• **Exercise materials**:
****

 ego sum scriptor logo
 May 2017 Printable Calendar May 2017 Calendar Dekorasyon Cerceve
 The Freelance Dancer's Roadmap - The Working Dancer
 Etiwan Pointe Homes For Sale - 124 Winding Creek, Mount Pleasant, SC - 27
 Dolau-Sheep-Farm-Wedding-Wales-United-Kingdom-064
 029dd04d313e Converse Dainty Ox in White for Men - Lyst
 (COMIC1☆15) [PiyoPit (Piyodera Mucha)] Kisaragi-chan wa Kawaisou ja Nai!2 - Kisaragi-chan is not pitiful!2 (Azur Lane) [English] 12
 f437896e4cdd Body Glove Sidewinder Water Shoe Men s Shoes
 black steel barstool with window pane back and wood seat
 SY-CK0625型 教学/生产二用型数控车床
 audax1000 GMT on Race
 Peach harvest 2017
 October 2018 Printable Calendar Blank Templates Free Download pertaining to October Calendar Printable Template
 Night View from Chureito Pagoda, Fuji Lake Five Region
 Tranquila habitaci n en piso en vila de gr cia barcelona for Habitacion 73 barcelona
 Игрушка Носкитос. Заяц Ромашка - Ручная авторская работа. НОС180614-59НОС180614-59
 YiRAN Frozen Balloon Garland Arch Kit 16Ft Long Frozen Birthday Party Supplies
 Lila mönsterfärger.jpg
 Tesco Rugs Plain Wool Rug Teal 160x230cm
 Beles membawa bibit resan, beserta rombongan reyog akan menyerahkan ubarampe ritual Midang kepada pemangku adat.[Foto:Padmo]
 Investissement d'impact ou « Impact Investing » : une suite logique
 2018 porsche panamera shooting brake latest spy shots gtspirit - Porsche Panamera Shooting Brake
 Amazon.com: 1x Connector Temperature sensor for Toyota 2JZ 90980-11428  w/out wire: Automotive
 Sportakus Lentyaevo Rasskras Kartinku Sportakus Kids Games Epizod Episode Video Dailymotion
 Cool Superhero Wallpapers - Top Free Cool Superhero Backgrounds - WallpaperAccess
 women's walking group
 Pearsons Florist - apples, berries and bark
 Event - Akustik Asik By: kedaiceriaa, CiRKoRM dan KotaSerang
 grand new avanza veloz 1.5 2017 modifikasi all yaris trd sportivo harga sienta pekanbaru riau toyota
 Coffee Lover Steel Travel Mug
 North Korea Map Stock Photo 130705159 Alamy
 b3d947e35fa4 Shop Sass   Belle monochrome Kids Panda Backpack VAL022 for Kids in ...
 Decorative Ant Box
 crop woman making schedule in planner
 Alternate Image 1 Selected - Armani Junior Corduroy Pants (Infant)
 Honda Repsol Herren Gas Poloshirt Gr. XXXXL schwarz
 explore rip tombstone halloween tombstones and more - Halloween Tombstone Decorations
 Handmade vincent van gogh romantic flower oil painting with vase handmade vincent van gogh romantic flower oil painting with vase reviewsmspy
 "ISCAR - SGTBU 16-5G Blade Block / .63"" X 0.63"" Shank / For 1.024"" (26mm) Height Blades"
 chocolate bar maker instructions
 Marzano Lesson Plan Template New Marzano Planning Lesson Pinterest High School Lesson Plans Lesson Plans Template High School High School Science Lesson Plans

****

• **Your task**:
Your answer must be every record above, repeated exactly.

• **Output for this task**:
 ego sum scriptor logo
 May 2017 Printable Calendar May 2017 Calendar Dekorasyon Cerceve
 The Freelance Dancer's Roadmap - The Working Dancer
 Etiwan Pointe Homes For Sale - 124 Winding Creek, Mount Pleasant, SC - 27
 Dolau-Sheep-Farm-Wedding-Wales-United-Kingdom-064
 029dd04d313e Converse Dainty Ox in White for Men - Lyst
 (COMIC1☆15) [PiyoPit (Piyodera Mucha)] Kisaragi-chan wa Kawaisou ja Nai!2 - Kisaragi-chan is not pitiful!2 (Azur Lane) [English] 12
 f437896e4cdd Body Glove Sidewinder Water Shoe Men s Shoes
 black steel barstool with window pane back and wood seat
 SY-CK0625型 教学/生产二用型数控车床
 audax1000 GMT on Race
 Peach harvest 2017
 October 2018 Printable Calendar Blank Templates Free Download pertaining to October Calendar Printable Template
 Night View from Chureito Pagoda, Fuji Lake Five Region
 Tranquila habitaci n en piso en vila de gr cia barcelona for Habitacion 73 barcelona
 Игрушка Носкитос. Заяц Ромашка - Ручная авторская работа. НОС180614-59НОС180614-59
 YiRAN Frozen Balloon Garland Arch Kit 16Ft Long Frozen Birthday Party Supplies
 Lila mönsterfärger.jpg
 Tesco Rugs Plain Wool Rug Teal 160x230cm
 Beles membawa bibit resan, beserta rombongan reyog akan menyerahkan ubarampe ritual Midang kepada pemangku adat.[Foto:Padmo]
 Investissement d'impact ou « Impact Investing » : une suite logique
 2018 porsche panamera shooting brake latest spy shots gtspirit - Porsche Panamera Shooting Brake
 Amazon.com: 1x Connector Temperature sensor for Toyota 2JZ 90980-11428  w/out wire: Automotive
 Sportakus Lentyaevo Rasskras Kartinku Sportakus Kids Games Epizod Episode Video Dailymotion
 Cool Superhero Wallpapers - Top Free Cool Superhero Backgrounds - WallpaperAccess
 women's walking group
 Pearsons Florist - apples, berries and bark
 Event - Akustik Asik By: kedaiceriaa, CiRKoRM dan KotaSerang
 grand new avanza veloz 1.5 2017 modifikasi all yaris trd sportivo harga sienta pekanbaru riau toyota
 Coffee Lover Steel Travel Mug
 North Korea Map Stock Photo 130705159 Alamy
 b3d947e35fa4 Shop Sass   Belle monochrome Kids Panda Backpack VAL022 for Kids in ...
 Decorative Ant Box
 crop woman making schedule in planner
 Alternate Image 1 Selected - Armani Junior Corduroy Pants (Infant)
 Honda Repsol Herren Gas Poloshirt Gr. XXXXL schwarz
 explore rip tombstone halloween tombstones and more - Halloween Tombstone Decorations
 Handmade vincent van gogh romantic flower oil painting with vase handmade vincent van gogh romantic flower oil painting with vase reviewsmspy
 "ISCAR - SGTBU 16-5G Blade Block / .63"" X 0.63"" Shank / For 1.024"" (26mm) Height Blades"
 chocolate bar maker instructions
 Marzano Lesson Plan Template New Marzano Planning Lesson Pinterest High School Lesson Plans Lesson Plans Template High School High School Science Lesson Plans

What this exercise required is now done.